Such Bayes risk can actually be defined beyond the testing problem. For any decision problem with a decision function, as long as we have a risk function, we can define the Bayes risk by taking the corresponding expectation. For example, in the estimation problem, the decision function is an estimator $\hat{\theta }$ that aims to provide a good estimation of the true parameter $\theta $. The estimator that minimzes the Bayes risk is called Bayes estimator. A common selected risk function is the mean square error (MSE): $R(\theta ,\hat{\theta })=(\hat{\theta }-\theta )^{2}$. If we denote the prior of $\theta $ as $\pi (\theta )$, then we have \[ R(\theta ,\hat{\theta })=\displaystyle\int_{\varTheta }^{}\displaystyle\int_{\mathcal{X}}^{}(\hat{\theta }-\theta )^{2}f(x|\theta )\pi (\theta )dx d\theta =\displaystyle\int_{\mathcal{X}}^{}\displaystyle\int_{\varTheta }^{}(\hat{\theta }-\theta )^{2}f(\theta |x)g (x)d \theta dx, \] where $f(\theta |x)$ is the posterior distribution of $\theta $ given the observed data $x$, and $g(x)$ is the marginal distribution of $x$ given the prior $\pi (\theta )$. For the inner integral $\displaystyle\int_{}^{}(\hat{\theta }-\theta )^{2}f(\theta |x)d\theta $, since the estimator $\hat{\theta }$ only depends on the observations $x$, we can minimize it by selecting $\hat{\theta }=\mathbb{E}(\theta |x)$, i.e., the mean of the posterior given $x$. In this way, the whole Bayes risk is also minimized by setting $\hat{\theta }=\mathbb{E}(\theta |x)$. We can prove the minimizer of the Bayes risk given some other risks, as summarized in the following.
-
If $R(\theta ,\hat{\theta })=(\hat{\theta }-\theta )^{2}$, the Bayes estimator is the mean of the posterior distribution.
-
If $R(\theta ,\hat{\theta })=|\hat{\theta }-\theta |$, the Bayes estimator is the median of the posterior distribution.
-
If $R(\theta ,\hat{\theta })=\mathbf{1} _{\left\{\hat{\theta }\neq \theta \right\}}$, the Bayes estimator is the mode of the posterior distribution.
However, in general, the Bayes estimator is not necessarily a “nice” function of the posterior distribution.
Optimality of the LRT for Composite Hypotheses
Neyman-Pearson lemma provides the guarantee of the optimality of the likelihood ratio test for simple hypotheses. For composite hypotheses, we still have such optimality under certain conditions.

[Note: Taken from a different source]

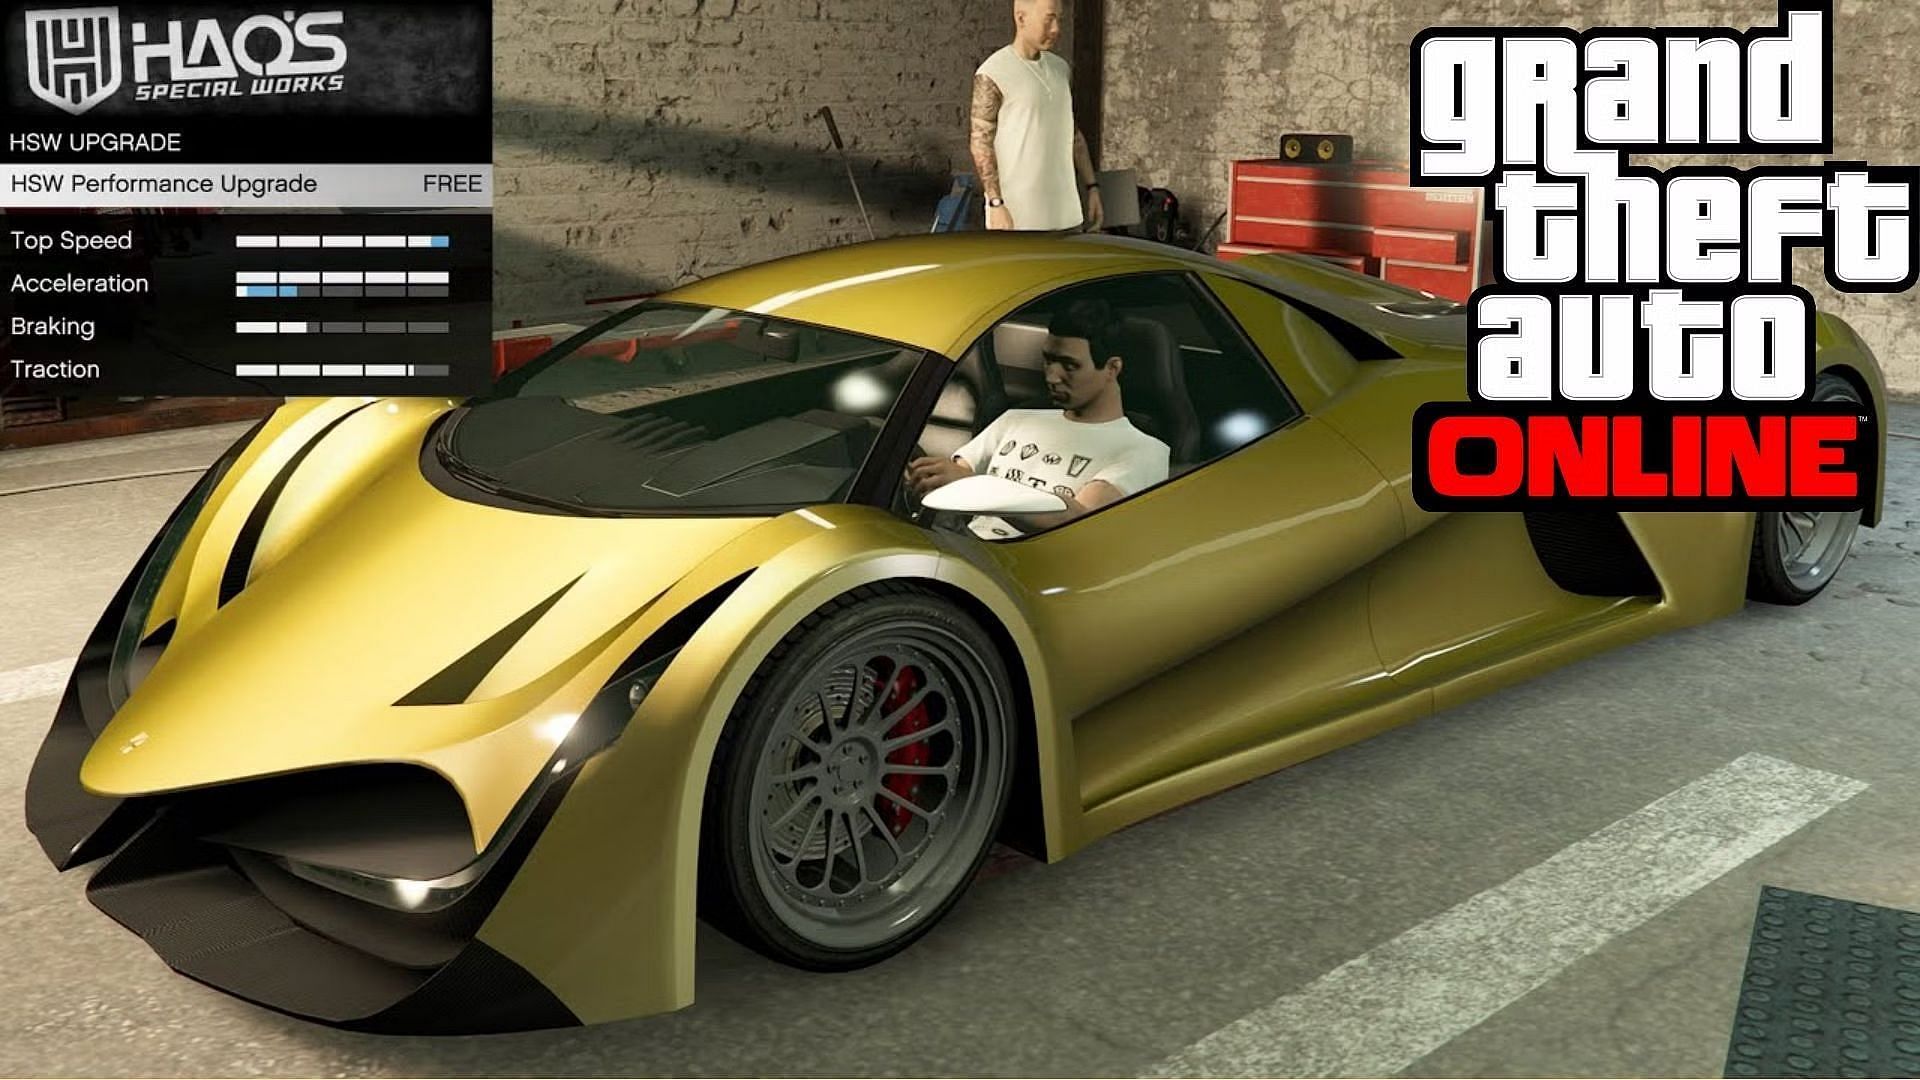 GTA Online 50 vehicle multistorey garage to set players back a
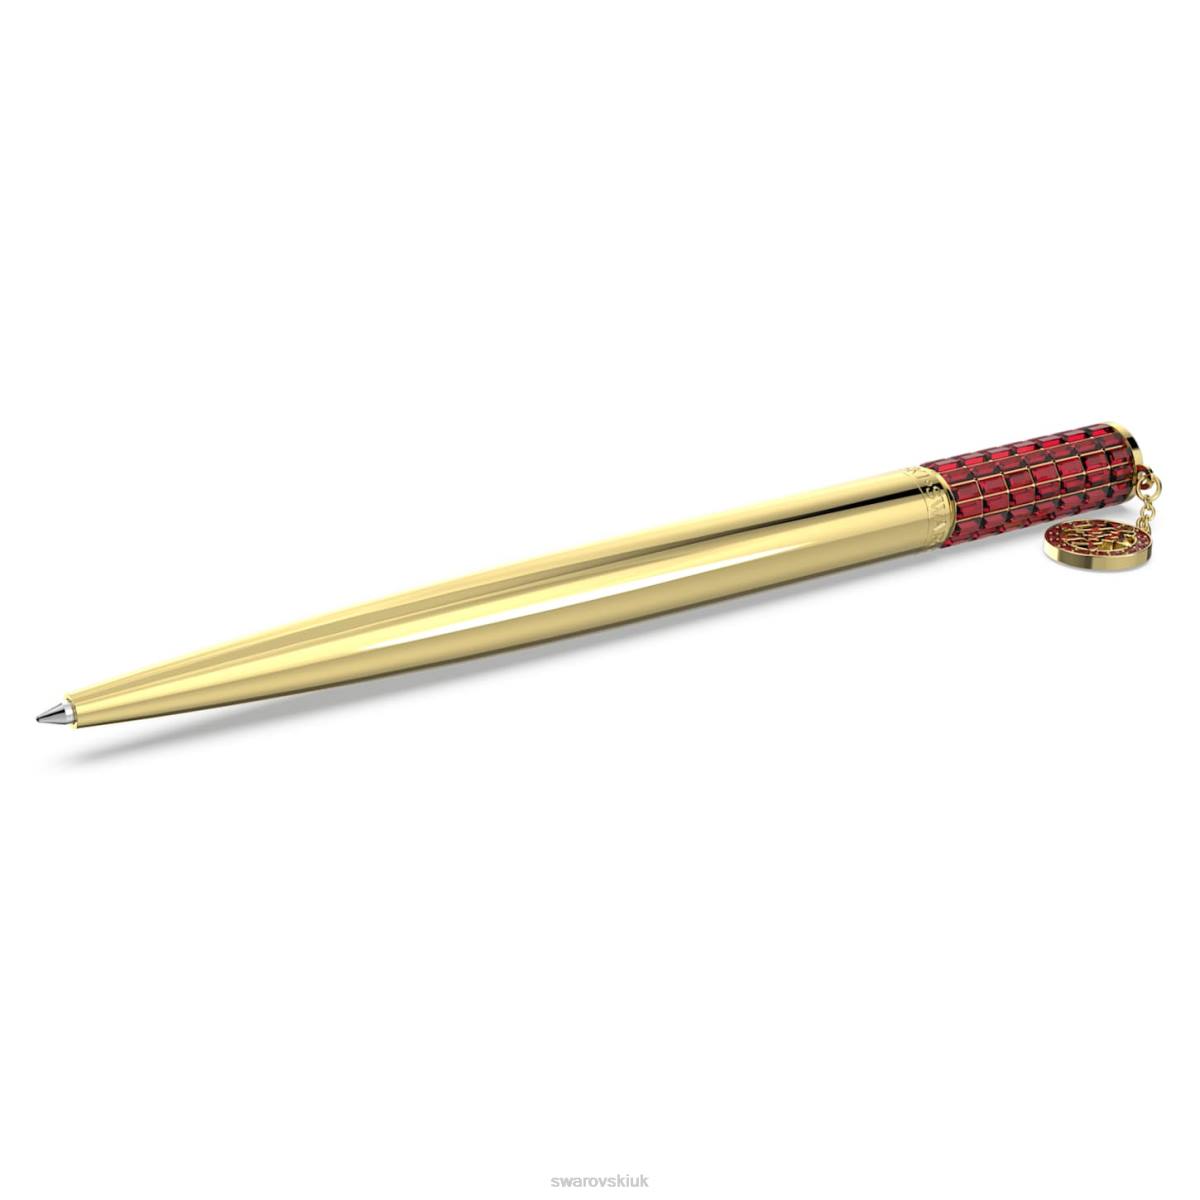 Accessories Swarovski Alea ballpoint pen Red, Gold-tone plated 48JX1300

For a set of samples $\left\{X _{1}, X _{2}, \ldots, X _{n}\right\}$, assume $T(X)$ is a sufficient statistic for $\theta $, then there is still hope that we can find the optimal testing function based on $T(X)$.
There is a symmetric version of the theorem above about the testing problem $H _{0}:\theta \ge \theta _{0}$ and $H _{1}:\theta < \theta _{0}$, can you think of it? Which conditions do you require?
Minimax Framework
Minimax Risk
We just discussed the Bayes risk, where the risk on a single parameter is averaged based on the prior $\pi(\theta )$. However, the Bayes risk is not the only way to evaluate a decision rule (can be a testing function, an estimator, etc). When we care more about the worst case scenario, or the prior is not easily available, we can consider the minimax risk. Consider the worst case risk of $T$ over the parameter space $\varTheta $: \[ R _{\text{m}}(T)=\sup\limits _{\theta \in \varTheta }R(\theta ,T). \] The minimax risk of the decision problem is defined as the infimum of $R _{\text{m}}(T)$ over all possible decision rules $T$: \[ R _{\text{m}}^{\star }=\inf \limits _{T}R _{\text{m}}(T)=\inf \limits _{T}\sup\limits _{\theta \in \varTheta }R(\theta ,T). \]
A decision rule $T$ that (nearly) achieves the minimax risk is called a minimax decision rule. In other words, a minimax decision rule has the smallest worst case risk among all possible decision rules.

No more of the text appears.